Each record that follows should be transcribed word for word.

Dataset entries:
# # # # #

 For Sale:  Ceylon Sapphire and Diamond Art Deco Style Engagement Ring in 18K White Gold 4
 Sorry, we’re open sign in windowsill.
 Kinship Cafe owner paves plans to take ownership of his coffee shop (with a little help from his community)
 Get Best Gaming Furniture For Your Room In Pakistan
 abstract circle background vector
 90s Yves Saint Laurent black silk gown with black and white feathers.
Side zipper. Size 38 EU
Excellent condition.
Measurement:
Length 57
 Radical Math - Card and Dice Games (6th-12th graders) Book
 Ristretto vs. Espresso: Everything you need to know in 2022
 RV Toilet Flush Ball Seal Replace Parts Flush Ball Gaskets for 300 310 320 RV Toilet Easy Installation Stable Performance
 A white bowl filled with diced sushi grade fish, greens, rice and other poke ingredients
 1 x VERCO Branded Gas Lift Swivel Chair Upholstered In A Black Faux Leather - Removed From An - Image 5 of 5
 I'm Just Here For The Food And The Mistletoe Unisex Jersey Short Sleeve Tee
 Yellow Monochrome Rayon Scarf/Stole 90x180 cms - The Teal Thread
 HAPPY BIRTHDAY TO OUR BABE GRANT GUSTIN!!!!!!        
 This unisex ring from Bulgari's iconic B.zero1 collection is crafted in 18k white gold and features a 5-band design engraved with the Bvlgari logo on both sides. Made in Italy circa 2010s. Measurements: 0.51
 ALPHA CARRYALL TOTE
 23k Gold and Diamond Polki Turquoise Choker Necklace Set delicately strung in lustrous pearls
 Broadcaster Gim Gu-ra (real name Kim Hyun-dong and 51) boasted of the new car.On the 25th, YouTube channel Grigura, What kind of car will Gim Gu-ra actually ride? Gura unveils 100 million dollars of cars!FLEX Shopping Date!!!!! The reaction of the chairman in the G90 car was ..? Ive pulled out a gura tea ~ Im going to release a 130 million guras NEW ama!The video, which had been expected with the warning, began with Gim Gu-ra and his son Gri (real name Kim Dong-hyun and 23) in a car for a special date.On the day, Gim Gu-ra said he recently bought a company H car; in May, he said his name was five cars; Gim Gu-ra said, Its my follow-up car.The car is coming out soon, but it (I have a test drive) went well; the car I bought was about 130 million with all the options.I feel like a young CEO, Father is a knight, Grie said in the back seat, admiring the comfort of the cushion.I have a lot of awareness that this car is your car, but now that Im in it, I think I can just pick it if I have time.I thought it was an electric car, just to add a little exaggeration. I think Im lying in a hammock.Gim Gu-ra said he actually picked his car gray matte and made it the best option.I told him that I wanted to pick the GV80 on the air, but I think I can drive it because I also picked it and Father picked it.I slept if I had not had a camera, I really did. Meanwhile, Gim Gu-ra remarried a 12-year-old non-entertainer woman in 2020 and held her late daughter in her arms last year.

# # # # #

• _Response for this exercise_:
 For Sale:  Ceylon Sapphire and Diamond Art Deco Style Engagement Ring in 18K White Gold 4
 Sorry, we’re open sign in windowsill.
 Kinship Cafe owner paves plans to take ownership of his coffee shop (with a little help from his community)
 Get Best Gaming Furniture For Your Room In Pakistan
 abstract circle background vector
 90s Yves Saint Laurent black silk gown with black and white feathers.
Side zipper. Size 38 EU
Excellent condition.
Measurement:
Length 57
 Radical Math - Card and Dice Games (6th-12th graders) Book
 Ristretto vs. Espresso: Everything you need to know in 2022
 RV Toilet Flush Ball Seal Replace Parts Flush Ball Gaskets for 300 310 320 RV Toilet Easy Installation Stable Performance
 A white bowl filled with diced sushi grade fish, greens, rice and other poke ingredients
 1 x VERCO Branded Gas Lift Swivel Chair Upholstered In A Black Faux Leather - Removed From An - Image 5 of 5
 I'm Just Here For The Food And The Mistletoe Unisex Jersey Short Sleeve Tee
 Yellow Monochrome Rayon Scarf/Stole 90x180 cms - The Teal Thread
 HAPPY BIRTHDAY TO OUR BABE GRANT GUSTIN!!!!!!        
 This unisex ring from Bulgari's iconic B.zero1 collection is crafted in 18k white gold and features a 5-band design engraved with the Bvlgari logo on both sides. Made in Italy circa 2010s. Measurements: 0.51
 ALPHA CARRYALL TOTE
 23k Gold and Diamond Polki Turquoise Choker Necklace Set delicately strung in lustrous pearls
 Broadcaster Gim Gu-ra (real name Kim Hyun-dong and 51) boasted of the new car.On the 25th, YouTube channel Grigura, What kind of car will Gim Gu-ra actually ride? Gura unveils 100 million dollars of cars!FLEX Shopping Date!!!!! The reaction of the chairman in the G90 car was ..? Ive pulled out a gura tea ~ Im going to release a 130 million guras NEW ama!The video, which had been expected with the warning, began with Gim Gu-ra and his son Gri (real name Kim Dong-hyun and 23) in a car for a special date.On the day, Gim Gu-ra said he recently bought a company H car; in May, he said his name was five cars; Gim Gu-ra said, Its my follow-up car.The car is coming out soon, but it (I have a test drive) went well; the car I bought was about 130 million with all the options.I feel like a young CEO, Father is a knight, Grie said in the back seat, admiring the comfort of the cushion.I have a lot of awareness that this car is your car, but now that Im in it, I think I can just pick it if I have time.I thought it was an electric car, just to add a little exaggeration. I think Im lying in a hammock.Gim Gu-ra said he actually picked his car gray matte and made it the best option.I told him that I wanted to pick the GV80 on the air, but I think I can drive it because I also picked it and Father picked it.I slept if I had not had a camera, I really did. Meanwhile, Gim Gu-ra remarried a 12-year-old non-entertainer woman in 2020 and held her late daughter in her arms last year.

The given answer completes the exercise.